Correspondence to: Luca Munaron, Professor, Department of Life Sciences and Systems Biology, Centre for Nanostructured Interfaces and Surfaces, Centre for Complex Systems in Molecular Biology and Medicine, University of Torino, Via Accademia Albertina 13, 10123 Torino, Italy. luca.munaron@unito.it
Telephone: +39-11-6704667 Fax: +39-11-6704508
Received: January 17, 2012
Revised: May 11, 2012
Accepted: May 18, 2012
Published online: June 26, 2012

Abstract

Intracellular calcium signaling is a universal, evolutionary conserved and versatile regulator of cell biochemistry. The complexity of calcium signaling and related cell machinery can be investigated by the use of experimental strategies, as well as by computational approaches. Vascular endothelium is a fascinating model to study the specific properties and roles of calcium signals at multiple biological levels. During the past 20 years, live cell imaging, patch clamp and other techniques have allowed us to detect and interfere with calcium signaling in endothelial cells (ECs), providing a huge amount of information on the regulation of vascularization (angiogenesis) in normal and tumoral tissues. These data range from the spatiotemporal dynamics of calcium within different cell microcompartments to those in entire multicellular and organized EC networks. Beside experimental strategies, in silico endothelial models, specifically designed for simulating calcium signaling, are contributing to our knowledge of vascular physiology and pathology. They help to investigate and predict the quantitative features of proangiogenic events moving through subcellular, cellular and supracellular levels. This review focuses on some recent developments of computational approaches for proangiogenic endothelial calcium signaling. In particular, we discuss the creation of hybrid simulation environments, which combine and integrate discrete Cellular Potts Models. They are able to capture the phenomenological mechanisms of cell morphological reorganization, migration, and intercellular adhesion, with single-cell spatiotemporal models, based on reaction-diffusion equations that describe the agonist-induced intracellular calcium events.

Key Words: Calcium signaling, Angiogenesis, Modeling, Cell signaling, Endothelial cells

INTRODUCTION

The term complexity is currently used in biology and spans different levels, from molecular to multicellular. It refers to some intrinsic peculiar properties of a system, that include the involvement of many components, their nonlinear interactions and physicochemical spatial compartmentalization[1]. Intracellular pathways underlying the cell response to external stimuli are a paradigm of complexity. Calcium signaling, in particular, is a universal and evolutionary conserved regulator of such a network of biochemical reactions. Its complex features are discussed in detail in several reviews[2-4].

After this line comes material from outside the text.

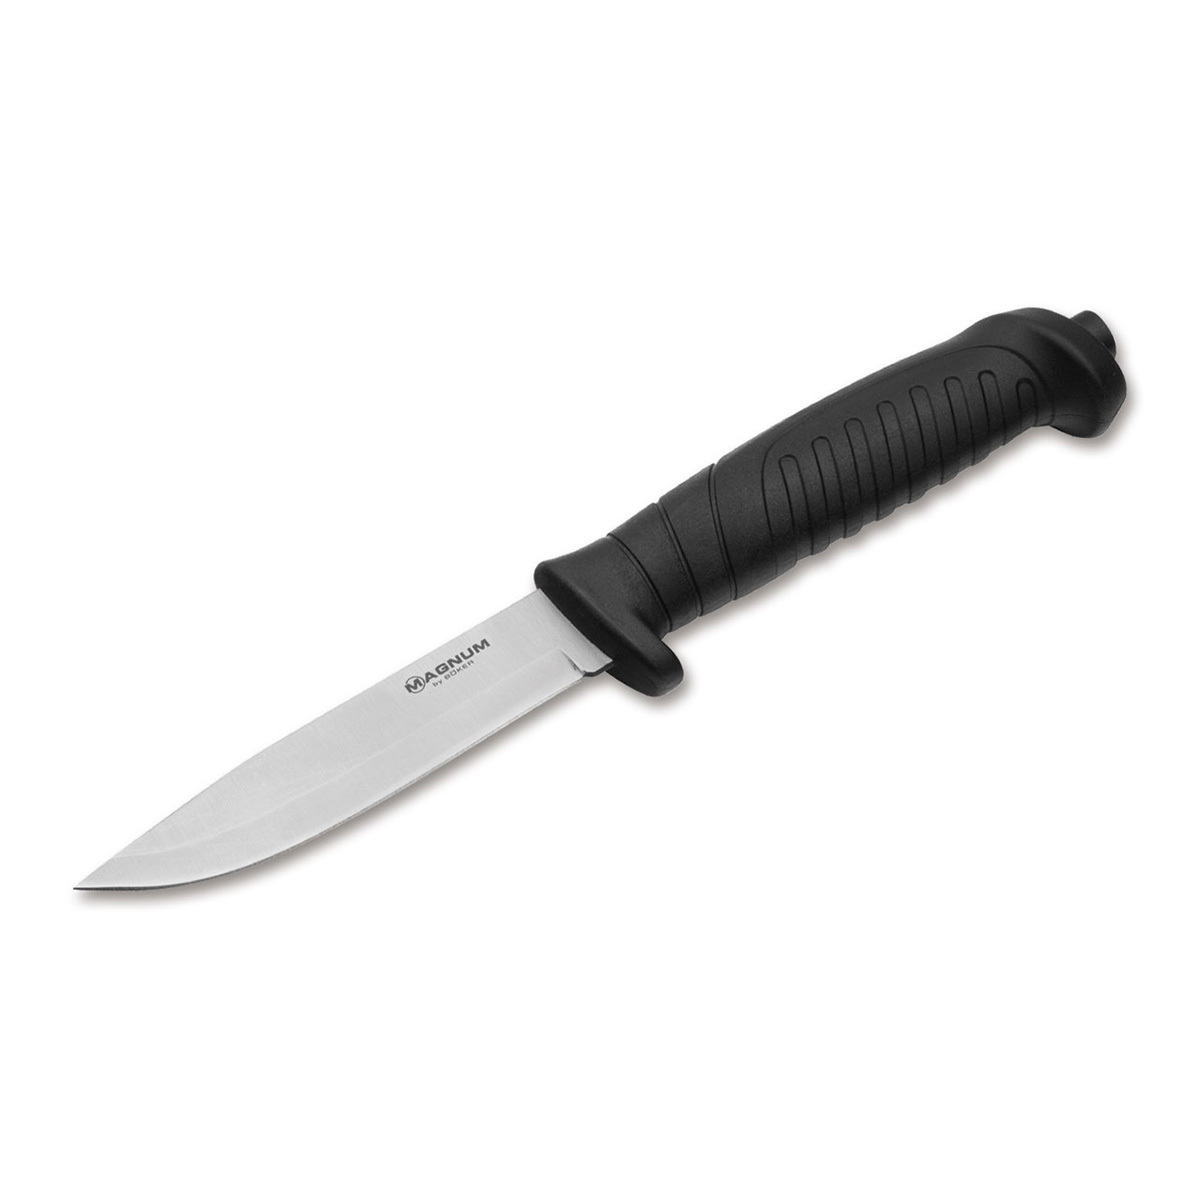 Нож с фиксированным клинком Boker Knivgar Black, сталь 420A, рукоять пластик нож с фиксированным клинком ontario afhgan tan micarta серрейтор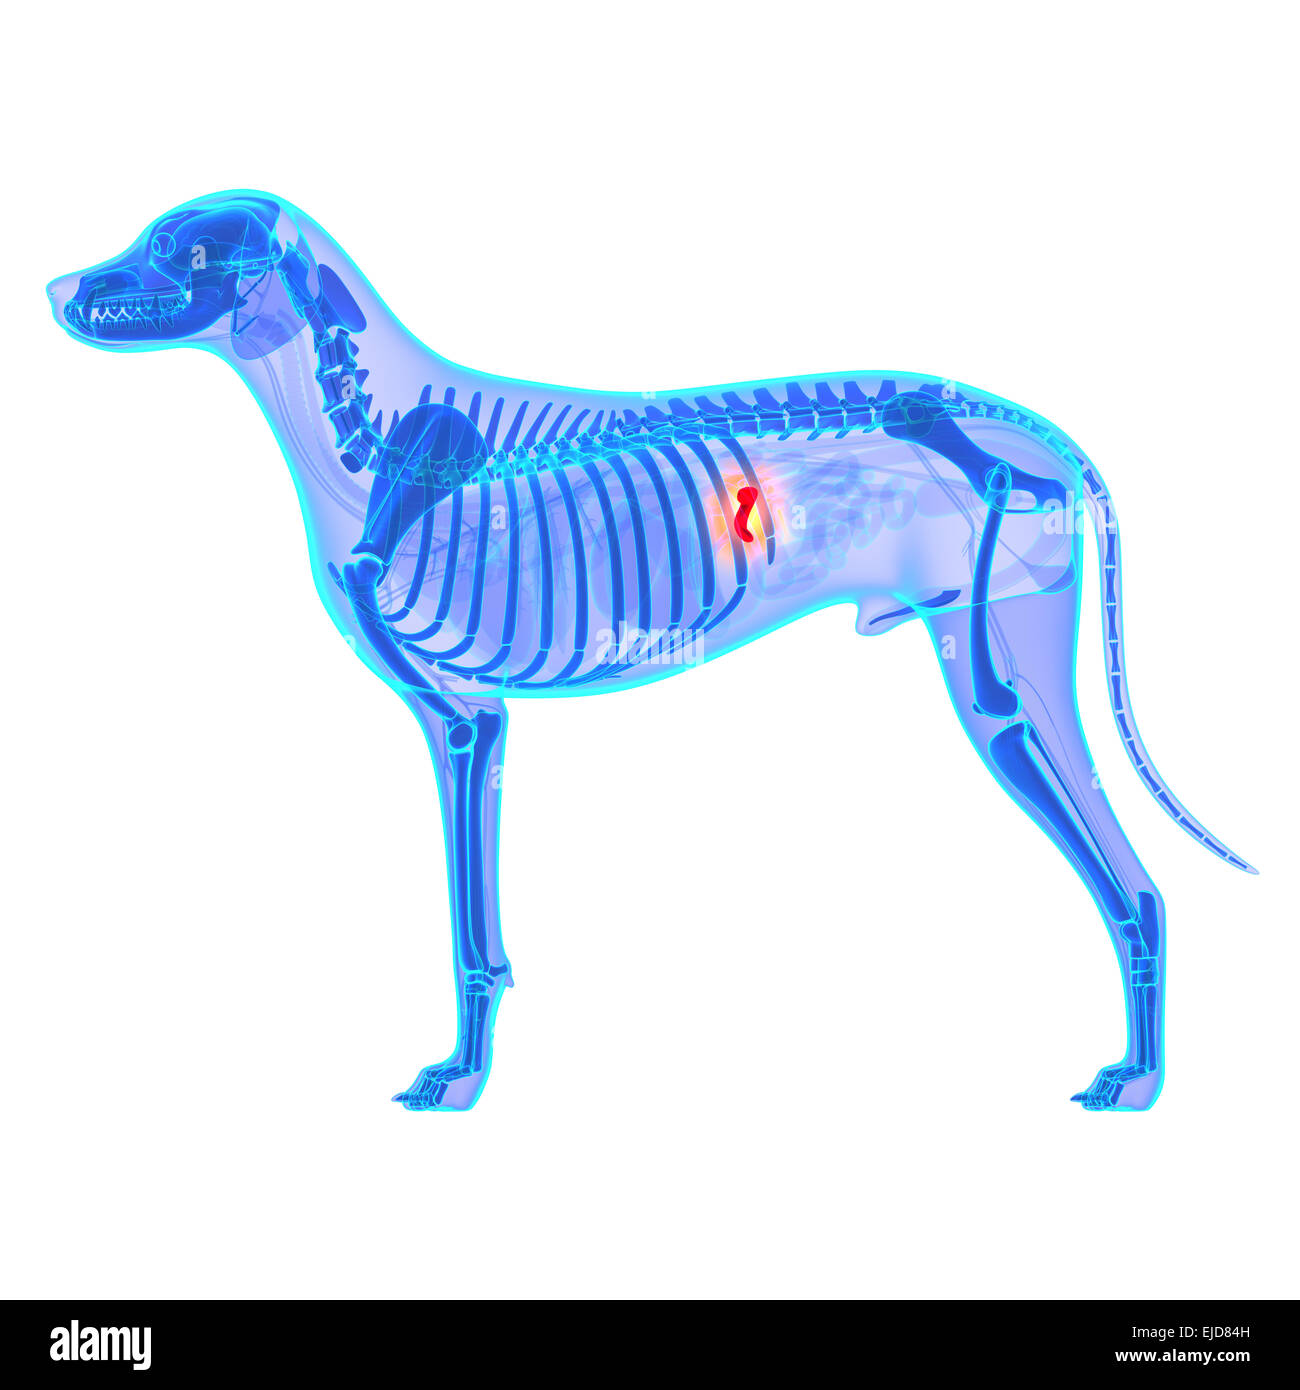 Cane anatomia della colecisti - Canis lupus Familiaris anatomia - isolato su bianco Foto Stock

Among the biological processes regulated by calcium, tissue vascularization (broadly speaking angiogenesis) is a morphogenetic event occurring under physiological conditions as well as, in an altered way, in cancer and other diseases[5]. The role of calcium in angiogenic progression can be investigated at different levels, thus providing an excellent tool to test the heuristic power of experimental and computational approaches to a complex system.

ENDOTHELIAL CALCIUM SIGNALING AT SUBCELLULAR AND CELLULAR LEVELS

Several extracellular agonists, including growth factors and vasoactive compounds, trigger free intracellular calcium concentration (Cai) increases in endothelial cells (ECs), with variable amplitude and time course. Cai signals can be “spike-like” (duration of several seconds), slow and long-lasting (duration up to several minutes), oscillating, or a combination of these. The relationship between the intensity of the stimulus and the amplitude of Cai signaling can be linear or not, depending on the relevance of positive feedbacks underlying the genesis of the process. The spatiotemporal signature of Cai waves conveys information through the regulation of specific downstream targets[6-8].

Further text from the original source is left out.